Scientists have created a novel model of human embryo that mimics the development of blood cells in the first weeks of pregnancy. The model, which is derived from stem cells, could have various applications in medical research and regenerative medicine.
The researchers used a technique called blastoid induction to generate structures that resemble the human blastocyst, the stage of the embryo that implants into the uterus. The blastocyst consists of an outer layer of cells called the trophectoderm, which forms the placenta, and an inner cell mass, which gives rise to the fetus and its supporting tissues.
The scientists combined two types of stem cells: naive pluripotent stem cells, which can become any cell type in the body, and extra-embryonic trophoblast stem cells, which are specific to the trophectoderm. By culturing these cells in a special medium, they were able to induce them to self-organize into blastoid-like structures that had all the features of a natural blastocyst.
What the model revealed
One of the most remarkable findings of the study was that the blastoids contained cells that resembled primitive blood cells, which are the precursors of all the blood cells in the body. These cells were found in the wall of the yolk sac, a structure that provides nutrients and oxygen to the developing embryo.
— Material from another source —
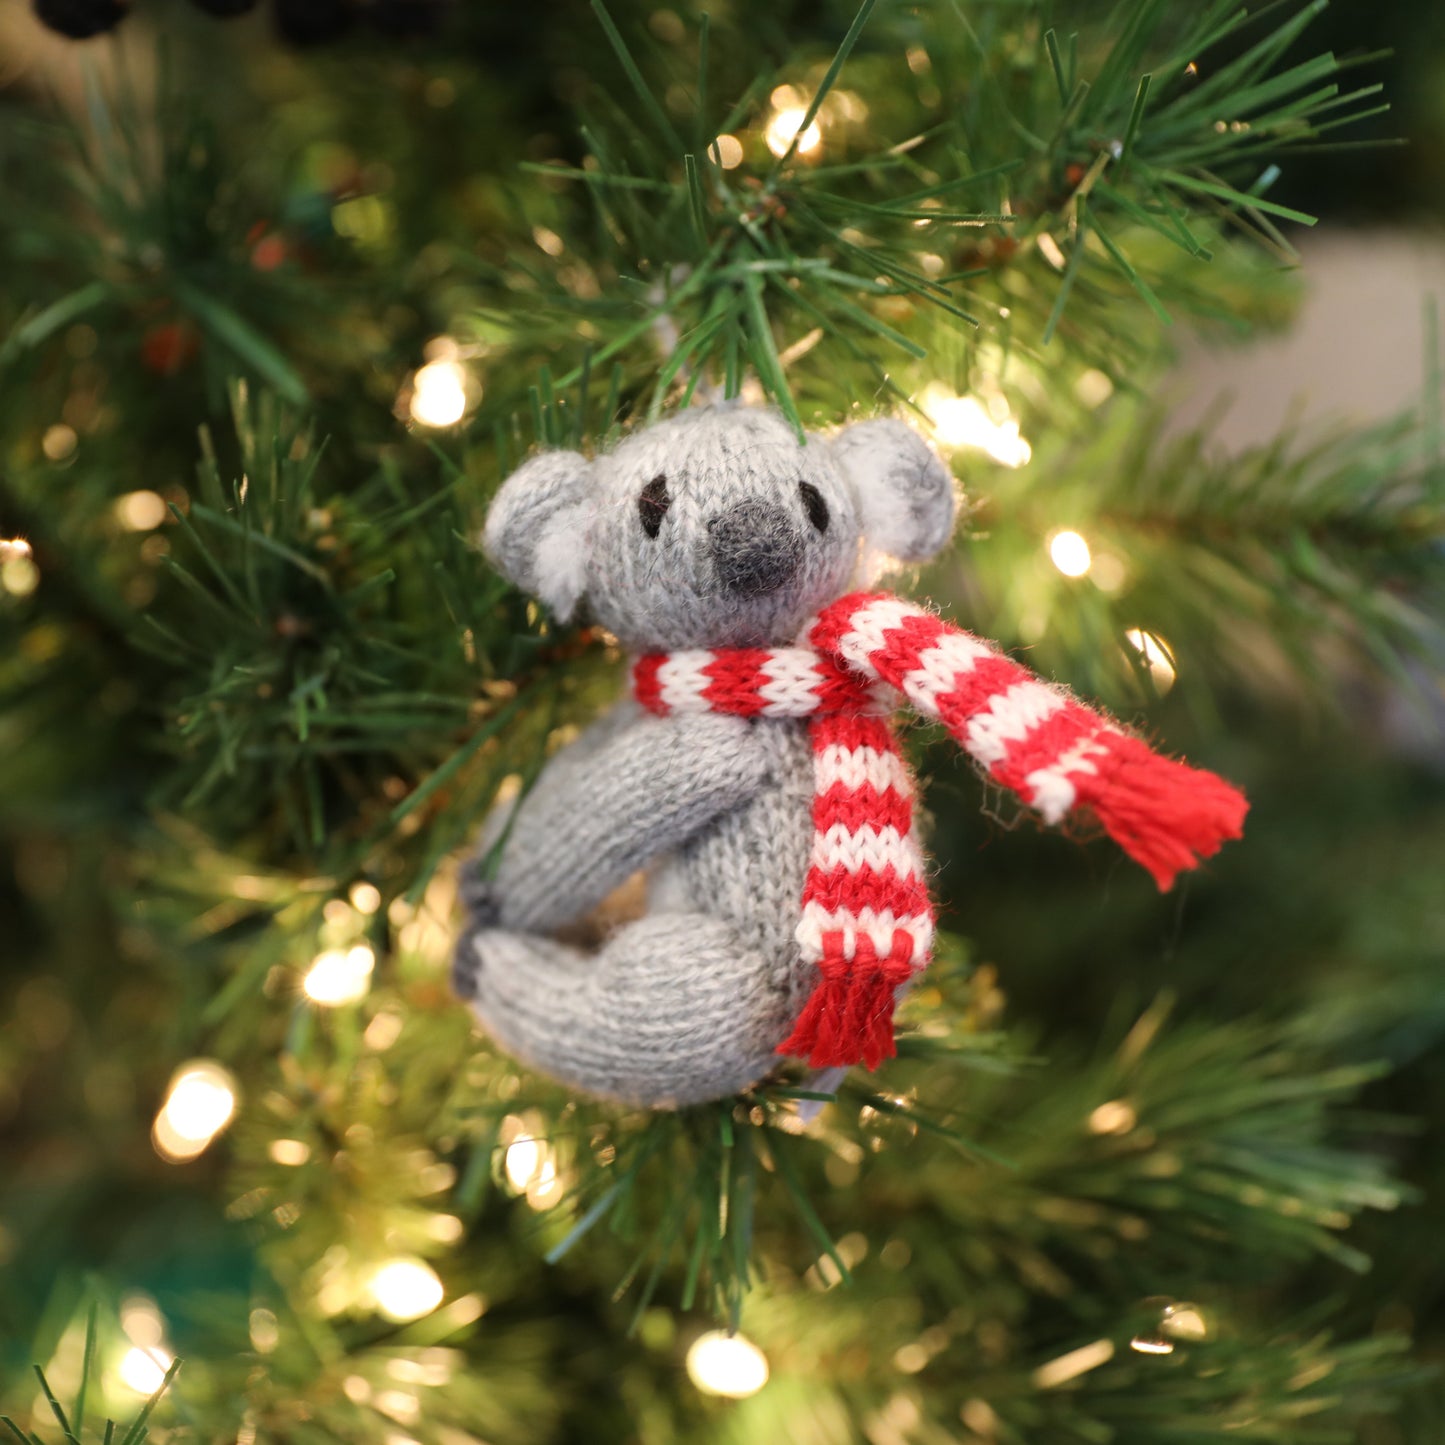 Koala Knit Ornament

The presence of blood cells in the blastoids was surprising, because it was previously thought that human blood cell production begins only after the blastocyst implants into the uterus. The researchers confirmed their observation by comparing the blastoids with natural human embryos donated for research. They found that both types of embryos had similar patterns of gene expression and cell markers related to blood cell development.
The discovery of blood cells in the blastoids suggests that human blood cell production starts earlier than previously thought, and that it is influenced by both the inner cell mass and the trophectoderm. This could have implications for understanding the origin and evolution of blood cells, as well as the causes of blood disorders and diseases.
Why the model is useful
The blastoid model of human embryo offers a new way to study the early stages of human development, which are largely inaccessible and poorly understood. The model could help researchers to investigate the molecular and cellular mechanisms that regulate the formation and differentiation of the various cell types and tissues in the embryo.
The model could also have potential applications in regenerative medicine and drug testing. For example, the blastoids could be used as a source of blood cells for transplantation or disease modeling. The blastoids could also be used to screen for drugs that affect the development and function of the placenta, the yolk sac, or the embryo itself.
The researchers emphasize that the blastoids are not identical to natural human embryos, and that they do not have the potential to develop into a fetus. They also follow strict ethical guidelines and regulations for their work, and limit the culture of the blastoids to 14 days, which is the internationally accepted limit for human embryo research.